Because the choice of basal taxa can strongly influence the biogeographic reconstruction of the target taxa in such analyses, the outgroups (Dugbe virus and Rift Valley fever virus) were not included in the analyses. As shown in Figure 3, the common ancestor of all hantaviruses likely emerged in Eurasia rather than Africa (ML support, 87%). Moreover, the analyses suggested that the ancestral hosts of hantaviruses may have been members of the Soricomorpha, rather than Rodentia (ML support, 56%). However, genomic analyses of many more soricomorph-borne hantaviruses, and studies in search of hantaviruses in other potential reservoir hosts, especially insectivorous bats (Order Chiroptera), are necessary to validate these tentative conclusions.

Figure 3
figure 3

Phylogenetic distribution and reconstruction. Phylogenetic distribution and reconstruction of ancestral states for (A) the biogeographic origin (America, Eurasia or Africa) and (B) the host (Soricomorpha or Rodentia) of hantaviruses using Mesquite 2.74 (with a representation of ML supports for each state and node, and ML support [in bold] for the basal nodes). Bayesian posterior probabilities from BEAST are shown for each node in (A).

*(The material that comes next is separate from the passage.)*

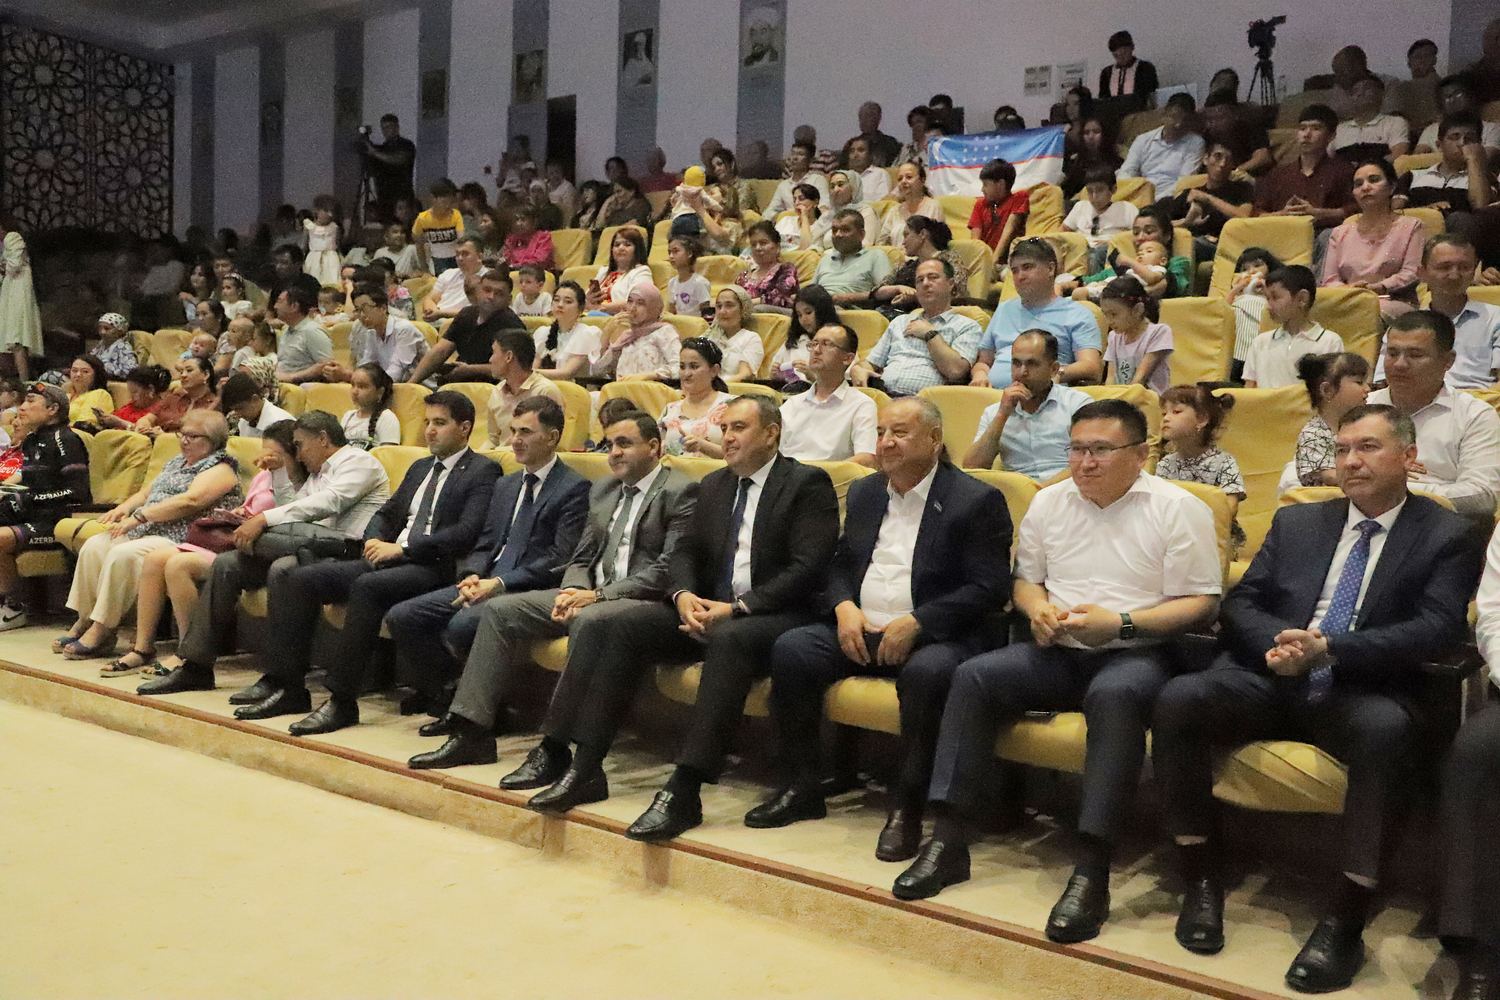 В Самарканде прошли Дни азербайджанской музыки (ФОТО)

Biogeographic reconstruction, based on fossil records and assuming equally probable exchanges between continents in both directions, suggests that the Family Soricidae originated in Eurasia [33]. And based on karyologic, paleontologic and molecular genetic data, a Palaearctic-Oriental origin has been proposed for the genus Crocidura, dating to the Upper Miocene (6.8 million years before present) [34]. Moreover, in-depth analysis of 3,560-base pairs of mitochondrial and nuclear DNA of crocidurine shrews from across Eurasia and Africa, reveals that shrews belonging to the genus Crocidura segregate into an Afrotropical clade, an Asian clade and an Old World clade, which includes Afrotropical, East Palaearctic-Oriental and West Palaearctic species [34]. Crocidura obscurior groups into the Old World clade, while Crocidura theresae, as well as Crocidura buettikoferi, Crocidura jouvenetae and Crocidura olivieri, group in the Afrotropical clade, and Crocidura lasiura in the Asian clade.

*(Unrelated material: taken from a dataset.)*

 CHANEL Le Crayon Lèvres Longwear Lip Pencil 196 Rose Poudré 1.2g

Apart from Côte d'Ivoire, the West African pygmy shrew is found in subtropical or tropical moist lowland forests in Ghana, Guinea, Liberia, Sierra Leone and possibly Nigeria. A similar West African distribution is noted for Crocidura buettikoferi and Crocidura jouvenetae, while Crocidura olivieri is far more widespread, from west to east across sub-Saharan Africa [41]. Although previous ecological studies had indicated that Crocidura theresae, the presumed reservoir of TGNV, is widespread and abundant in Côte d'Ivoire [42, 43], this crocidurine shrew species was not captured during any of our multiple trapping expeditions. As such, we were unable to confirm the presence of TGNV in the Therese's shrew or to analyze the genetic diversity and phylogeography of TGNV.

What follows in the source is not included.